Referring still to FIG. 2C, hanger body 110 is shown with the annulus valve piston 260 and valve sleeve 264 combination disposed within central production bore 190 of hanger body 110. A first actuation chamber 165 is created in the annular space above circumferential shoulder 263 and below inner shoulder 111b of hanger body 110. A second actuation chamber 166 is created in the annular space between valve sleeve 264 and an upper end of production tubing pup 170. First actuation port 115a is located to correspond with the position of first actuation chamber 165, such that first actuation port 115a is in fluid communication with first actuation chamber 165. Second actuation port 115b is located to correspond with the position of second actuation chamber 166, such that second actuation port 115b is in fluid communication with second actuation chamber 166.

When the annulus valve piston 260 and valve sleeve 264 combination is in the “closed” position illustrated in FIG. 2C, first flow conduit 112a and second flow conduit 112b are not in fluid communication. Specifically, lower annulus port 113b is blocked by valve sleeve 264, thereby preventing fluid flow from or into second flow conduit 112b via lower annulus port 113b. Further, in the “closed” configuration shown, radial opening 268 is aligned with and in fluid communication with upper annulus port 113a. As a result, any fluid flow through first flow conduit 112a travels through upper annulus port 113a and into inner passage 266 via radial opening 268. Because longitudinal opening 267 is adjacent to circumferential shoulder 263 in this configuration, the fluid flow is blocked by valve sleeve 264 and constrained between inner passage 266 and circumferential shoulder 263.

Similar to the manner of operation described above, the embodiment comprising the annulus valve piston 260 and valve sleeve 264 combination may be alternated between “opened” and “closed” positions by controlling the fluid pressure gradient across first actuation chamber 165 and second actuation chamber 166. Referring now to FIG. 2D, the annulus valve piston 260 and valve sleeve 264 combination is shown in the “opened” position. In the “opened” position, fluid flow is permitted between first flow conduit 112a and second flow conduit 112b through an inner flowby chamber 111c created adjacent to upper annulus port 113a and between circumferential shoulder 263 and valve sleeve 264. Inner flowby chamber 111c is in fluid communication on one end with upper annulus port 113a, and on an opposite end with longitudinal opening 267. Further, radial opening 268 is aligned with and in fluid communication with lower annulus port 113b. As a result, fluid flow from first flow conduit 112a to second flow conduit 112b is allowed through inner passage 266. When the annulus valve piston 260 and valve sleeve 264 combination are oriented in the “opened” configuration, fluid from first flow conduit 112a may enter inner flowby chamber 111c, and pass through inner passage 266 into second flow conduit 112b.
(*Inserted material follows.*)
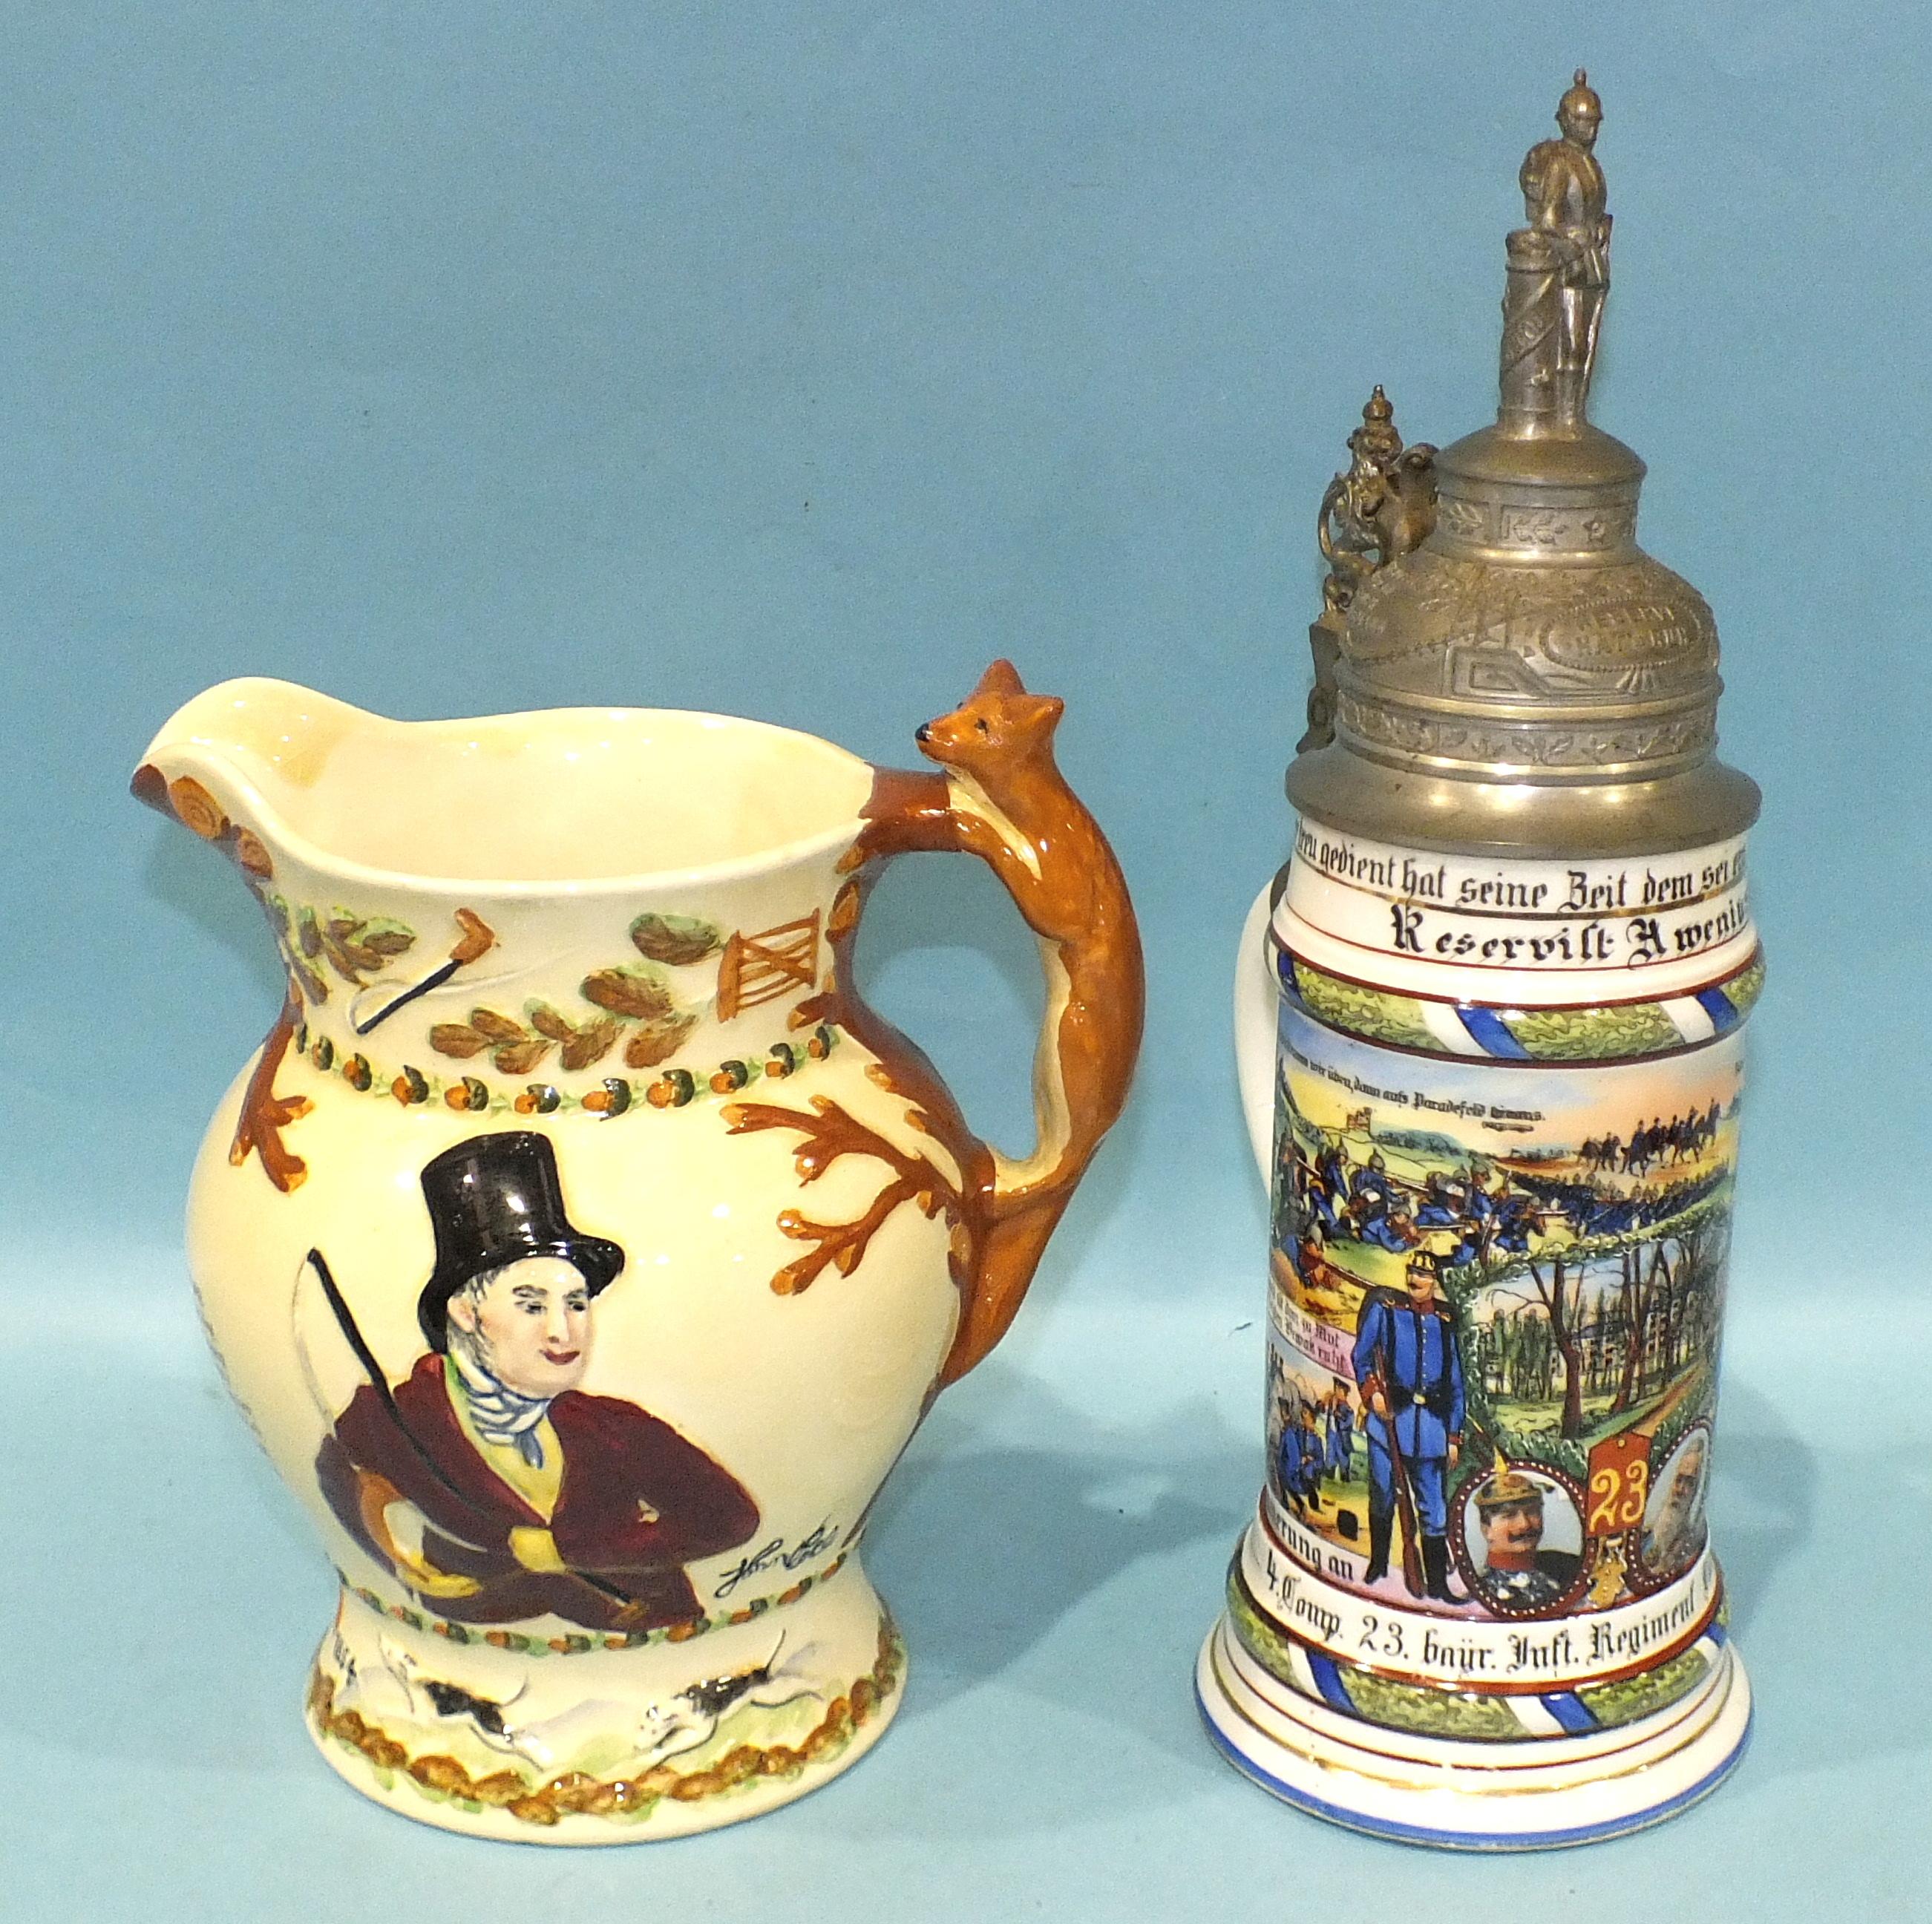 A Crown Devon Fielding 'John Peel' musical jug, 21cm high, (some staining) and a modern German

Referring now to FIG. 3, one embodiment of wellhead assembly 200 is shown. Wellhead assembly 200 comprises a high-pressure housing 210, wherein high-pressure housing 210 is installed on housing 205. High-pressure housing 210 is generally tubular and comprises a longitudinal central bore 212. Generally tubular casing hangers 208 and 220 are landed within bore 212 of high-pressure housing 210. A first annular pack-off 230 of conventional design seals the casing hanger 220 to the inner wall 214 of the high-pressure housing 210. The first annular pack-off 230 comprises a first locking ring 232, engaged with an upper circumferential groove 215 in the inner wall 214 of the high-pressure housing 210. Second annular pack-off 240 locks down casing hanger 208, and comprises a second locking ring 242, engaged with a lower circumferential groove 216 in the inner wall 214 of the high-pressure housing 210. The first and second locking rings 232 and 242 serve to retain the casing hangers 220 and 208 in position within the high-pressure housing 210, and permit casing hangers 220 and 208 only limited movement longitudinally within the central bore 212 of high-pressure housing 210.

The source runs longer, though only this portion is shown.